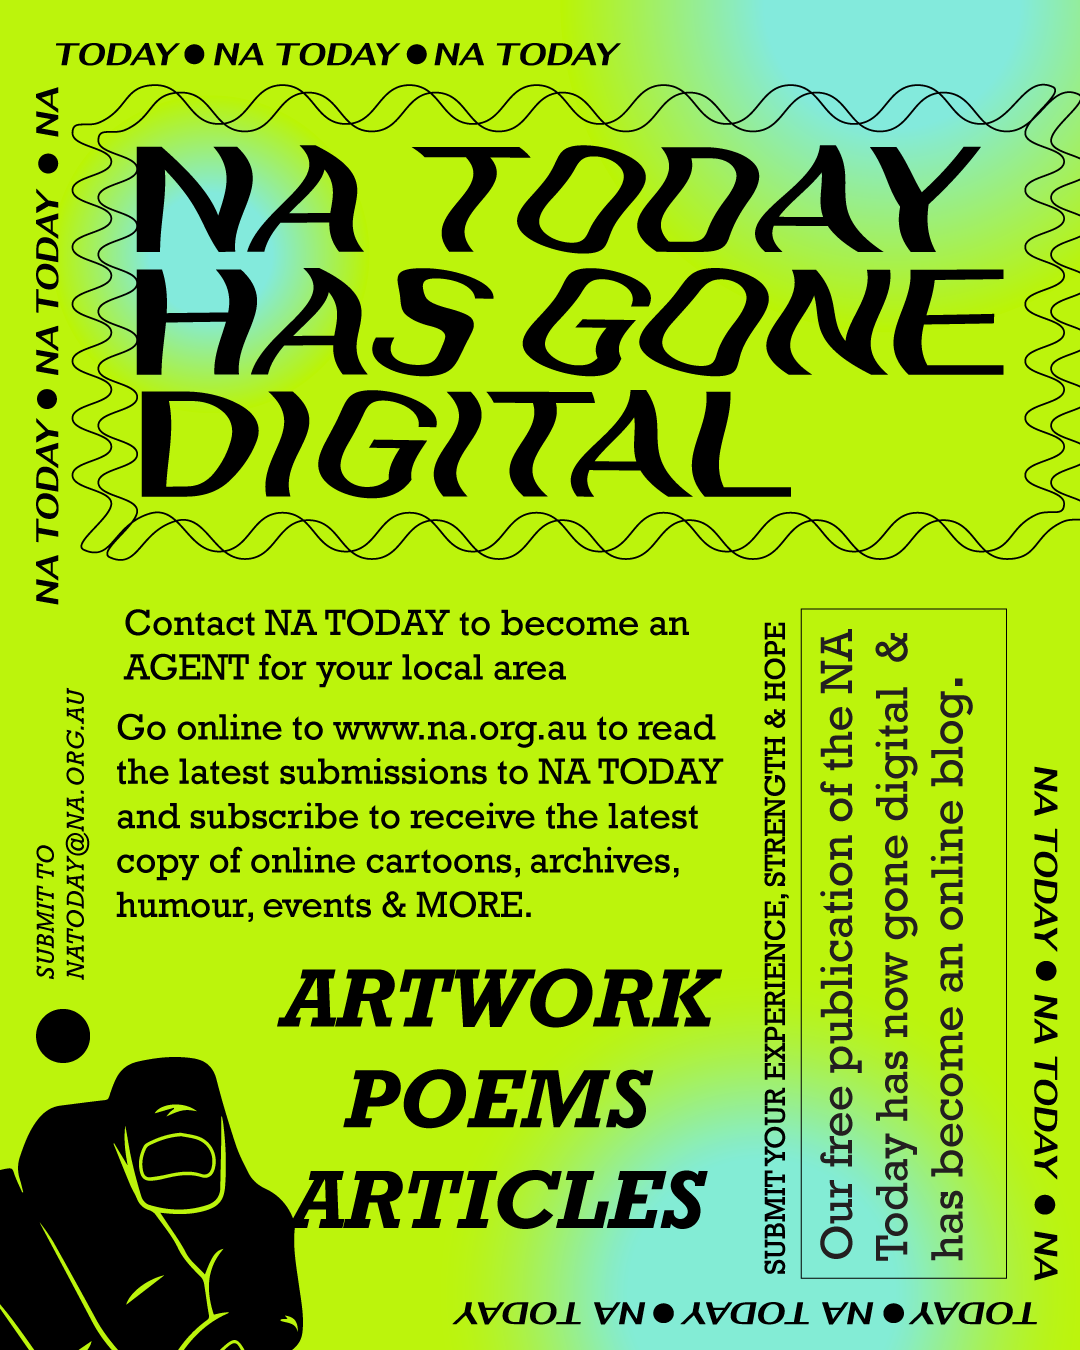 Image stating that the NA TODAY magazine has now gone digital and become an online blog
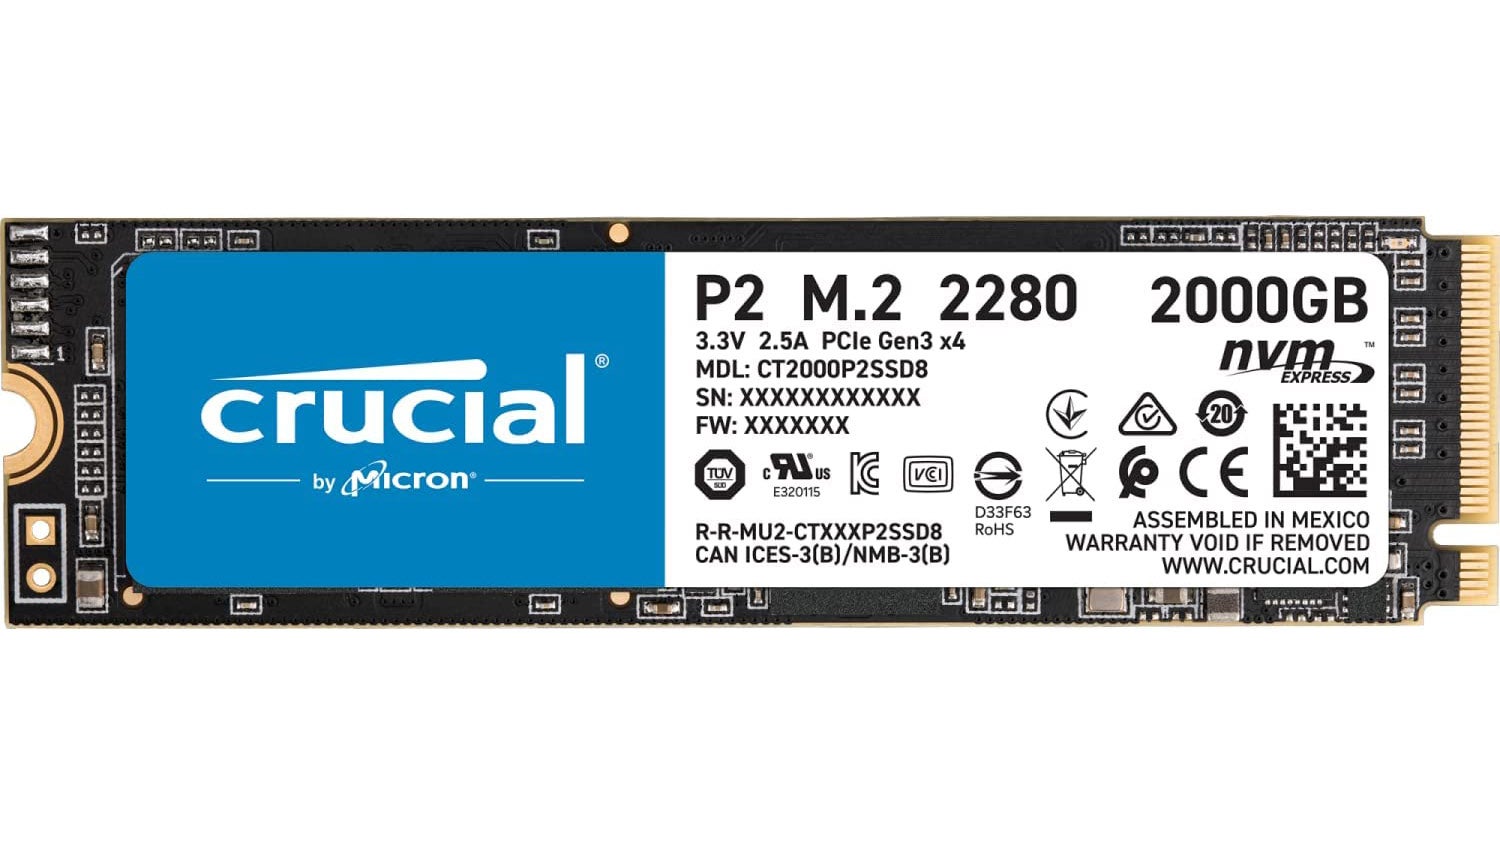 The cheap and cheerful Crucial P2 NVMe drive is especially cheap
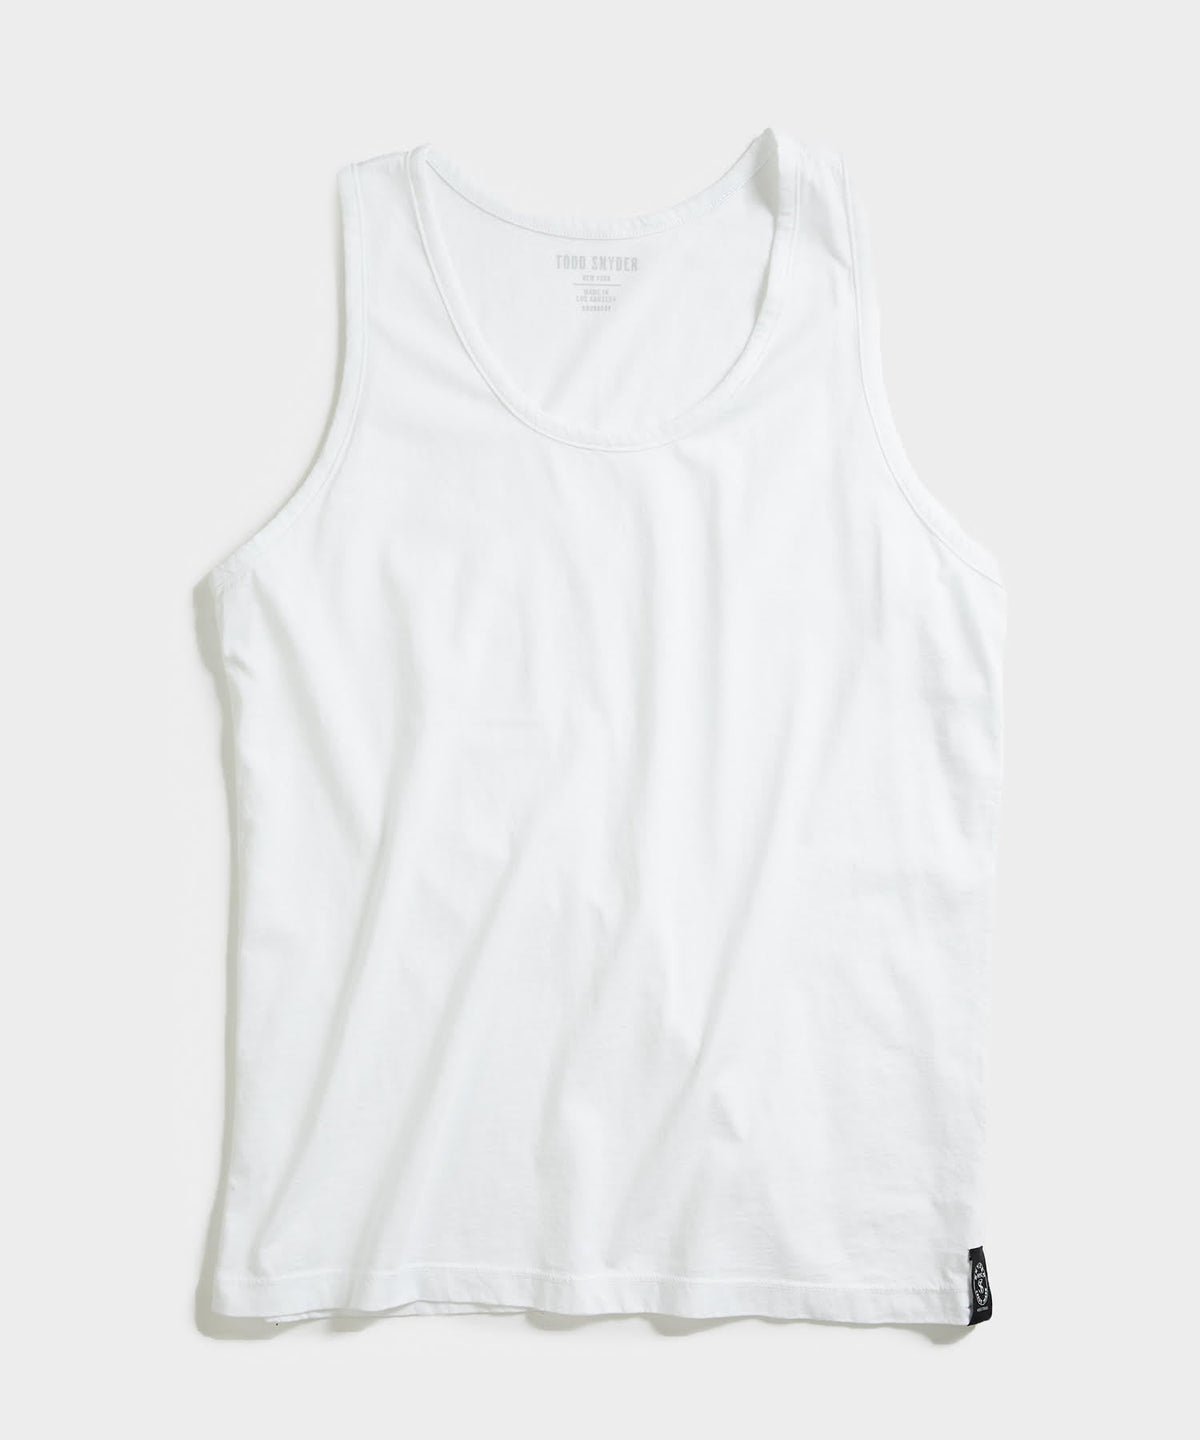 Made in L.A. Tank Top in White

-------

• _How to complete this task_
Would you return the data above exactly as written, minus the images?

• _Task answer_
 Image stating that the NA TODAY magazine has now gone digital and become an online blog
 The cheap and cheerful Crucial P2 NVMe drive is especially cheap
 Made in L.A. Tank Top in White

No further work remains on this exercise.